- _WHAT THIS TASK INVOLVES_: For this exercise, return exactly the lines of the material below that begin at the one with "Scrap yard in the UK Stock Photo" and stop after the one with "Bvlgari Aqva Pour Homme ASB 100 ml M".

- _MATERIAL PROVIDED_:
* * * * * * * * *
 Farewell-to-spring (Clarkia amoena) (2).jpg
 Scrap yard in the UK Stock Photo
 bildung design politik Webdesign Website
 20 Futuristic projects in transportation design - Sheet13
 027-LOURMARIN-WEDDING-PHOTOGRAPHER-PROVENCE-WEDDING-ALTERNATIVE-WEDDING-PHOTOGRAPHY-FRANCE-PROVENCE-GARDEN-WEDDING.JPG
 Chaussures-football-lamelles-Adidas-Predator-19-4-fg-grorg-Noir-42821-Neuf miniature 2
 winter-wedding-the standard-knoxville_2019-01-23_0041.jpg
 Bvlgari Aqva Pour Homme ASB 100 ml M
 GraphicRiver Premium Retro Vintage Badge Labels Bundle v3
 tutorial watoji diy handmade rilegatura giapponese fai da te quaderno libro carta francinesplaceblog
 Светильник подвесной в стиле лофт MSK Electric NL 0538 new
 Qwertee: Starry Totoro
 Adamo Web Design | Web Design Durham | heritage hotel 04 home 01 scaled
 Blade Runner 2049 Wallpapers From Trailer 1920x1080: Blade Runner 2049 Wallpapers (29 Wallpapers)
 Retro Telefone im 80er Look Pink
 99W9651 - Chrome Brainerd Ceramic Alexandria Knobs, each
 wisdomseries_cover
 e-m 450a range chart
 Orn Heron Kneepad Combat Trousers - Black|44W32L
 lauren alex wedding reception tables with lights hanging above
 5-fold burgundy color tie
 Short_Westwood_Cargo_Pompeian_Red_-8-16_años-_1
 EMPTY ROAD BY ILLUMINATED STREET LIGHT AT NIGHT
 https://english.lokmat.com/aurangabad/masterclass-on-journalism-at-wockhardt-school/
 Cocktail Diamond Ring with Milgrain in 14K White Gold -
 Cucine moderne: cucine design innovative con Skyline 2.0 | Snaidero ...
* * * * * * * * *
- _WRITTEN ANSWER_:
 Scrap yard in the UK Stock Photo
 bildung design politik Webdesign Website
 20 Futuristic projects in transportation design - Sheet13
 027-LOURMARIN-WEDDING-PHOTOGRAPHER-PROVENCE-WEDDING-ALTERNATIVE-WEDDING-PHOTOGRAPHY-FRANCE-PROVENCE-GARDEN-WEDDING.JPG
 Chaussures-football-lamelles-Adidas-Predator-19-4-fg-grorg-Noir-42821-Neuf miniature 2
 winter-wedding-the standard-knoxville_2019-01-23_0041.jpg
 Bvlgari Aqva Pour Homme ASB 100 ml M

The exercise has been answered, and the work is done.